Childhood acute lymphoblastic leukemia (ALL) patients are treated with doxorubicin-based chemotherapy(Singal and Iliskovic, 1998). The long-term association between doxorubicin and cardiotoxicity is a well-known cause of several long-term adverse effects. Indeed, childhood ALL survivors often suffer from impaired left ventricular (LV) contractility, reduced ejection fraction, contractility and diastolic function, high-grade ectopy, late congestive heart failure, and sudden death(2019; Grenier and Lipshultz, 1998, Hudson et al., 2013, Kremer et al., 2001, Lemay et al., 2019). Independently of the received doxorubicin doses, subclinical dysfunctions and cardiac abnormalities have been reported(Armstrong et al., 2012; 2019; Lipshultz et al., 1991, Lipshultz et al., 2005, Ylänen et al., 2013).

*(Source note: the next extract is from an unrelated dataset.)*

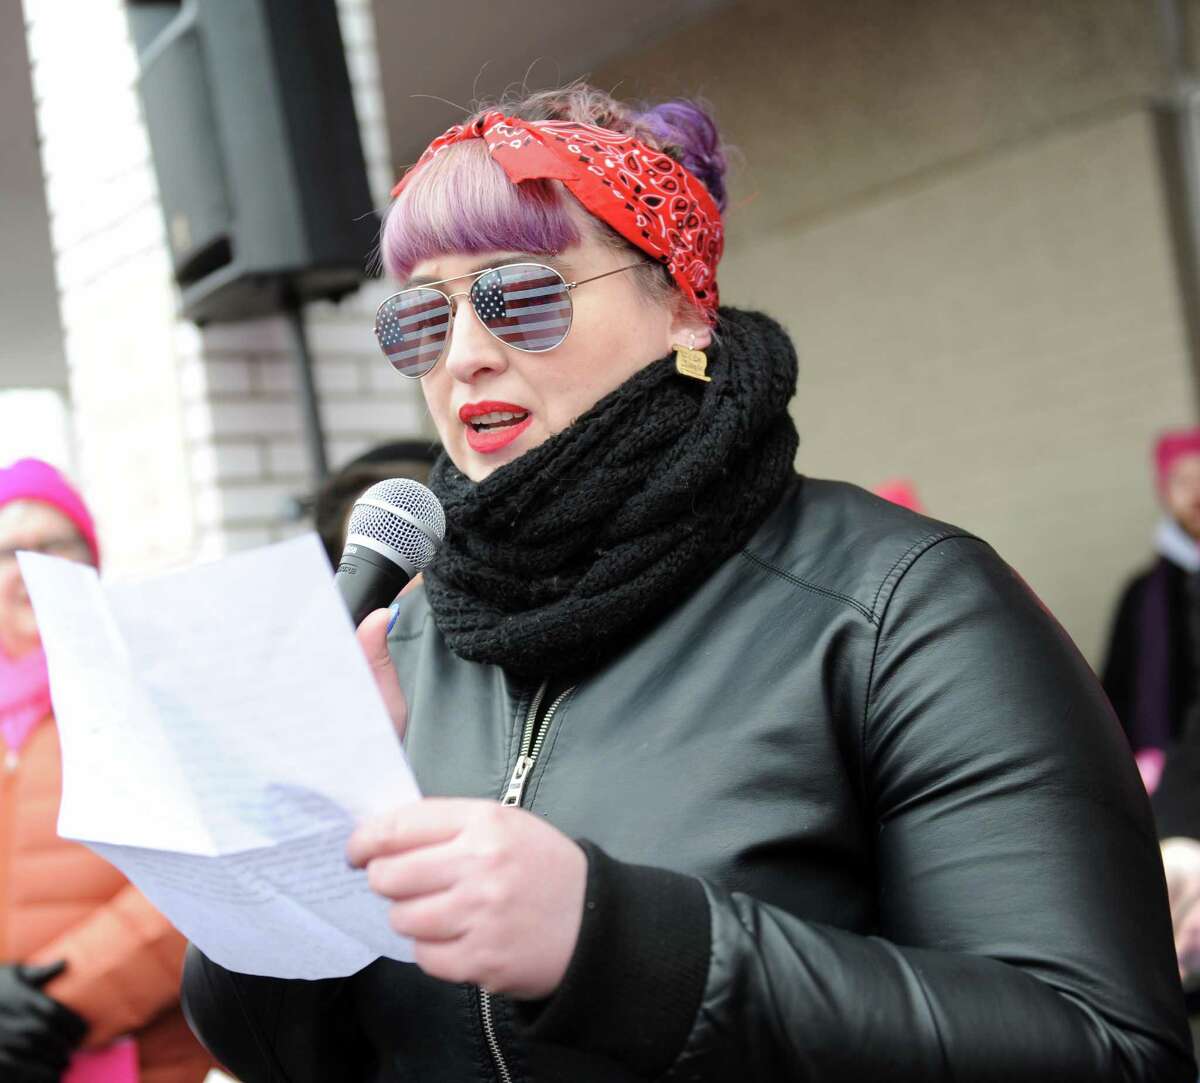 Groups rally for and against Planned Parenthood in Albany, Troy
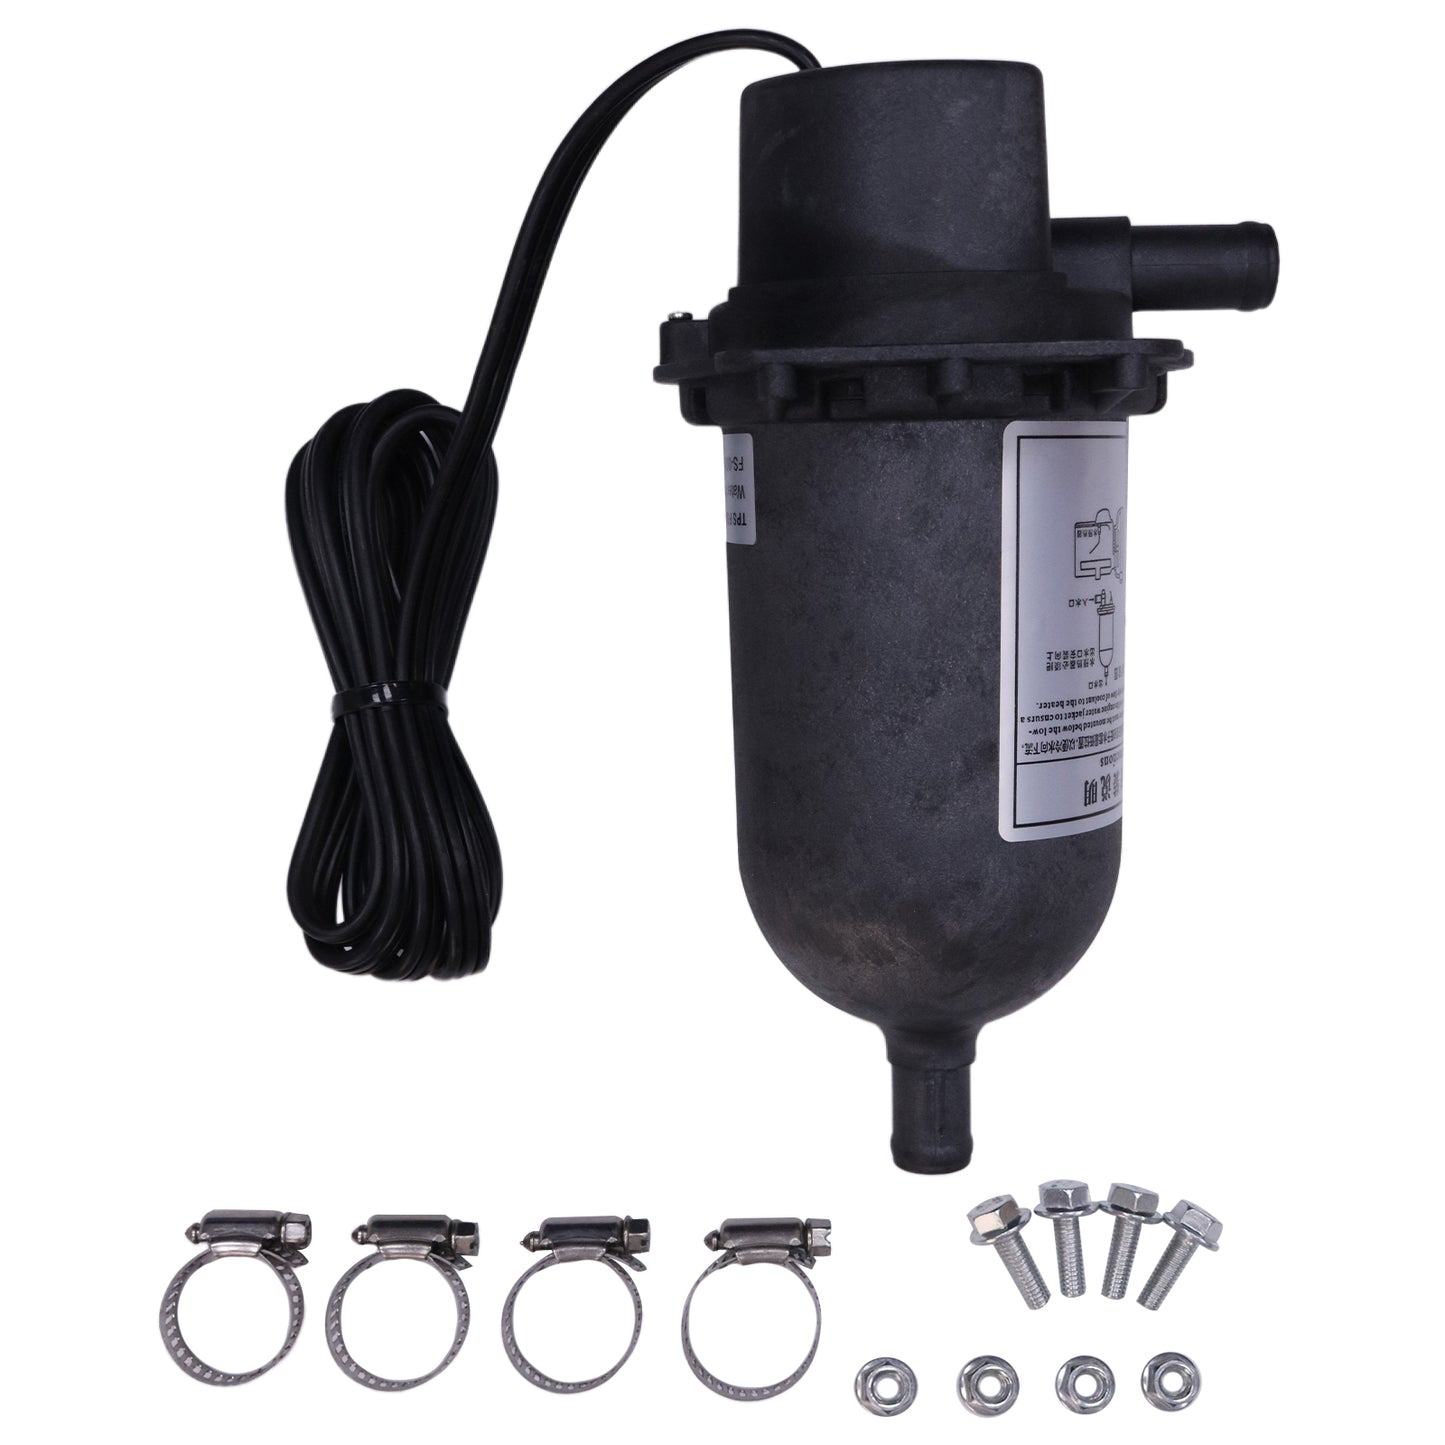 New 1500W 120V Option 100-120F Engine Heater Coolant Pre- Heater TPS151GT10-000 590-893 590893 084918G Compatible with Generators Tractors Buses Trucks Boats Some Cars

Studies have reported that the mechanical properties of the myocardium could be an adequate indicator of the tissue’s viability, in addition to being good predictors of cardiac disease development(Dabiri et al., 2018, Wang et al., 2018, Whitaker et al., 2016). Indeed, myofiber stress and myocardial stiffness are used to identify patients with severe heart failure(Wang et al., 2018). Moreover, a variation in subepicardial and subendocardial contractility can be involved in the development of heart failure with a preserved ejection fraction(Dabiri et al., 2018). This is of interest since adult survivors treated with doxorubicin have been reported to experience late cardiac dysfunction that may begin with congestive heart failure(Hequet et al., 2004, Ness et al., 2011). Cardiac abnormalities are highly dependent on cumulative doxorubicin doses(Armenian et al., 2015, Steinherz et al., 1991). In this sense, cardiac magnetic resonance (CMR) imaging is used to obtain high-quality cardiac functional information and to study childhood ALL survivors’ doxorubicin-related cardiotoxicity(Group, 2013, Shankar et al., 2008, Wassmuth et al., 2001).

Considering the current literature, we propose a new approach using the combination of CMR imaging, cardiopulmonary exercise testing (CPET) and the CircAdapt model to explore hemodynamics and intraventricular mechanisms at rest and during exercise. The use of the CircAdapt model, a lumped-element model, is favored to better understand the complexity of the myocardial mechanisms in childhood ALL survivors. Moreover, it allows live interaction simulations between the myocardium walls and can be used as a non-invasive tool to study hemodynamics and intraventricular mechanisms(Lumens and Delhaas, 2012). The strength of the parameterized numerical CircAdapt model is that it addresses the issue of the high number of unknown variables necessary in the lumped-element model(Arts et al., 2005).

Our study aims to characterize myocardial subtle changes induced by doxorubicin-related cardiotoxicity in childhood ALL survivors. To reach this goal, the mechanical properties of the LV are rigorously studied by using volumes extracted from CMR imaging coupled with data from a CPET and a reverse material identification approach based on the CircAdapt model.